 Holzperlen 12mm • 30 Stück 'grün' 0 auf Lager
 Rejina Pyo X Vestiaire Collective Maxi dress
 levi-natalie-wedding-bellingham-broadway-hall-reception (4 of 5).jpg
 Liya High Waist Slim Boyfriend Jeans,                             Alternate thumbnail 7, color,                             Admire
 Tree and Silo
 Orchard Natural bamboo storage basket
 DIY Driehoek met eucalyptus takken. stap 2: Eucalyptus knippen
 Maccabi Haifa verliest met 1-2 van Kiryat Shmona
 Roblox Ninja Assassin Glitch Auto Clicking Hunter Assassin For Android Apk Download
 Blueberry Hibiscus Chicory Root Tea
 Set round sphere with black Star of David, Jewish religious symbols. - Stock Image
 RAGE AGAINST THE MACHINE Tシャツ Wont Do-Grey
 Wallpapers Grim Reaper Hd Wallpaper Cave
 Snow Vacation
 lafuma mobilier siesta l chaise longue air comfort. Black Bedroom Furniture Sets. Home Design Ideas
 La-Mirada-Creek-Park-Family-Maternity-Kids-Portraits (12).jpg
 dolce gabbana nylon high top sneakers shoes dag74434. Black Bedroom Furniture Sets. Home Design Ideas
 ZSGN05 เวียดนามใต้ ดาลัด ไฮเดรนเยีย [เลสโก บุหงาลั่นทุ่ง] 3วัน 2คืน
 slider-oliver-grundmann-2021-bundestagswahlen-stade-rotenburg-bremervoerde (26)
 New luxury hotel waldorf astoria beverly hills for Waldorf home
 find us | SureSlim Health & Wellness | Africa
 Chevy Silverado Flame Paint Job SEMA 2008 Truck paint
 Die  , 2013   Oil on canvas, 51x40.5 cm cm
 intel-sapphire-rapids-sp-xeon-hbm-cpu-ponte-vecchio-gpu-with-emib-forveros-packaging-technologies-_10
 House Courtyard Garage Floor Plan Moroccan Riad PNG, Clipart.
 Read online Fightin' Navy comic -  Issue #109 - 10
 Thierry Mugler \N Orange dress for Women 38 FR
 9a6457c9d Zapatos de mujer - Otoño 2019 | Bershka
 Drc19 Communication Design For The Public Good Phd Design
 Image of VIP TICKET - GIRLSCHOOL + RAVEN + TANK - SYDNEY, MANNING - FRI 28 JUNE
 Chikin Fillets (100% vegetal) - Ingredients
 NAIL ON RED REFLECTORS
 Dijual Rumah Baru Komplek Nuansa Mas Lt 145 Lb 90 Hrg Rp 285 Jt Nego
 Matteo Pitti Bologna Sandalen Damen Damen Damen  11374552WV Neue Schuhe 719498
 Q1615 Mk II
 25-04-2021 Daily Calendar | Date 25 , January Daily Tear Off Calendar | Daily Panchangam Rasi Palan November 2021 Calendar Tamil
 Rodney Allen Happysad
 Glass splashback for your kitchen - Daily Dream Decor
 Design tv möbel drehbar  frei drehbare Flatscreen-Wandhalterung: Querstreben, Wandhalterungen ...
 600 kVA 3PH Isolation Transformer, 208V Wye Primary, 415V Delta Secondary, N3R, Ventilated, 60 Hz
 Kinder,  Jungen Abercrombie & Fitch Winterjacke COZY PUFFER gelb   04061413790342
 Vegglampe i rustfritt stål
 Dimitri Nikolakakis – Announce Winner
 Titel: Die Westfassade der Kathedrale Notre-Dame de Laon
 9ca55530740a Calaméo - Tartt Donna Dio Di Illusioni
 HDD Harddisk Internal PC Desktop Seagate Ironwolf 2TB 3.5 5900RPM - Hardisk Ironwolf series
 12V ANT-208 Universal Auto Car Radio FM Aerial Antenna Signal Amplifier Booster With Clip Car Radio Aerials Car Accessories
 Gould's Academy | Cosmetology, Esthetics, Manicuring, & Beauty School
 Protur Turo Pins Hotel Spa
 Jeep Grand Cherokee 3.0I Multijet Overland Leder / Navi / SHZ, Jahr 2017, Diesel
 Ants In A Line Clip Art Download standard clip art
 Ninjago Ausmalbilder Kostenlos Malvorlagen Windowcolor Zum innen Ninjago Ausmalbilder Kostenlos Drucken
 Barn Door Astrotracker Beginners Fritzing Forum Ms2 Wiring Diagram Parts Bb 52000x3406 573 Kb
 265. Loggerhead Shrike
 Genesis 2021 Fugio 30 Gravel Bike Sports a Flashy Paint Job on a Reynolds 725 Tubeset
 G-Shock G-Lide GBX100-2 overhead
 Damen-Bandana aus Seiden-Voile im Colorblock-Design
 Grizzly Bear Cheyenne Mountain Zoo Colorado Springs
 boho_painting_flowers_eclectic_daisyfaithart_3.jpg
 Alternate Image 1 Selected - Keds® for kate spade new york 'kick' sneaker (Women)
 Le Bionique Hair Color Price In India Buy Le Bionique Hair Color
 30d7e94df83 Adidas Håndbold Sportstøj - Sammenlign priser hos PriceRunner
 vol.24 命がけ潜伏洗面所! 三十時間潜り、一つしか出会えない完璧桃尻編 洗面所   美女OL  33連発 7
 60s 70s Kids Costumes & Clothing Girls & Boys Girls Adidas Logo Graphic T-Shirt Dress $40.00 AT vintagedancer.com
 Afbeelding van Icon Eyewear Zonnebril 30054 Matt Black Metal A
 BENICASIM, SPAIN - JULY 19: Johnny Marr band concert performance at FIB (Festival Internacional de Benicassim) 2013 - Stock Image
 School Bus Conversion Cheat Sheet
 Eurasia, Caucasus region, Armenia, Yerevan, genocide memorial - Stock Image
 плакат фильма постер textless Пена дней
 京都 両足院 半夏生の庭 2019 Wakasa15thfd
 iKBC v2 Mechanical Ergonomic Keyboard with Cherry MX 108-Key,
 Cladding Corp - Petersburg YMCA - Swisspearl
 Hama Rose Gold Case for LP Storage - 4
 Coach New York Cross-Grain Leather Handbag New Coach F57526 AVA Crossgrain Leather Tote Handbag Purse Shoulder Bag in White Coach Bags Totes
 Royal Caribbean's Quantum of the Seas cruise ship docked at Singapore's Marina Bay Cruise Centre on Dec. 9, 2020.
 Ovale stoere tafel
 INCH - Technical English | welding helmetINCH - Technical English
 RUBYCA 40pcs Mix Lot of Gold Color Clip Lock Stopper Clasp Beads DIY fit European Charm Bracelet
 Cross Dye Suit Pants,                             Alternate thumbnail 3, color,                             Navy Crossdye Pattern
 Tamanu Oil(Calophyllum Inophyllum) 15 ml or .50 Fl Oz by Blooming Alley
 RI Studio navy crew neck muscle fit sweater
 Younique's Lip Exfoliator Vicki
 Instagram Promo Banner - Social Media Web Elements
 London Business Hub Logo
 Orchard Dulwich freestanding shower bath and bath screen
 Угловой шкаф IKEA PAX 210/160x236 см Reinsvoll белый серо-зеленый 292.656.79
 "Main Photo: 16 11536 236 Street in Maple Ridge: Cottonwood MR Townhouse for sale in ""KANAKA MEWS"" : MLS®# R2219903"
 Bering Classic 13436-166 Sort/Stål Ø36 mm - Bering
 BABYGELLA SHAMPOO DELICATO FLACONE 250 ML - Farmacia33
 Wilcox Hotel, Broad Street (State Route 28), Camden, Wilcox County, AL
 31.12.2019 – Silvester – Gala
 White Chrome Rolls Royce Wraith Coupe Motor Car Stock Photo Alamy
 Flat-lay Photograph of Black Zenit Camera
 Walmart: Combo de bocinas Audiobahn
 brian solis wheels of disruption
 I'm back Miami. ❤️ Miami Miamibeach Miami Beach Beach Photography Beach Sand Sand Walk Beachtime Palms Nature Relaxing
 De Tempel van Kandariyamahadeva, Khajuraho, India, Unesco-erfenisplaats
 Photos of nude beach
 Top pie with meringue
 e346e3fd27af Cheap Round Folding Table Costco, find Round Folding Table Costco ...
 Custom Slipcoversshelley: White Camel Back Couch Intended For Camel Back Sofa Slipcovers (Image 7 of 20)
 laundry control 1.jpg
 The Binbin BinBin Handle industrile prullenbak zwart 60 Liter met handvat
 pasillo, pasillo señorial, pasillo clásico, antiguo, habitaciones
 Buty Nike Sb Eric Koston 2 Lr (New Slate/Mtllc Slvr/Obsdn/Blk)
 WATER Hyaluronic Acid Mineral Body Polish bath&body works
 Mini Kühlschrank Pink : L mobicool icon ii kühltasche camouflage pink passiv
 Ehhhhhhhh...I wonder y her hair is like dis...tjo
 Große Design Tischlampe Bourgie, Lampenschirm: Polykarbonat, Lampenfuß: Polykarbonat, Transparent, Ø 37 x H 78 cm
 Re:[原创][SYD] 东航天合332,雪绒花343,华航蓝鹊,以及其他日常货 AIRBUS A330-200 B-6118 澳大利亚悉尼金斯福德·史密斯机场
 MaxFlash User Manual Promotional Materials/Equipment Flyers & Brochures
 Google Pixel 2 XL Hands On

* [WHAT NEEDS TO BE DONE] Look through the entries for the string "Sets". Every line that has it belongs in the answer.

* [ANSWER AREA]
 lafuma mobilier siesta l chaise longue air comfort. Black Bedroom Furniture Sets. Home Design Ideas
 dolce gabbana nylon high top sneakers shoes dag74434. Black Bedroom Furniture Sets. Home Design Ideas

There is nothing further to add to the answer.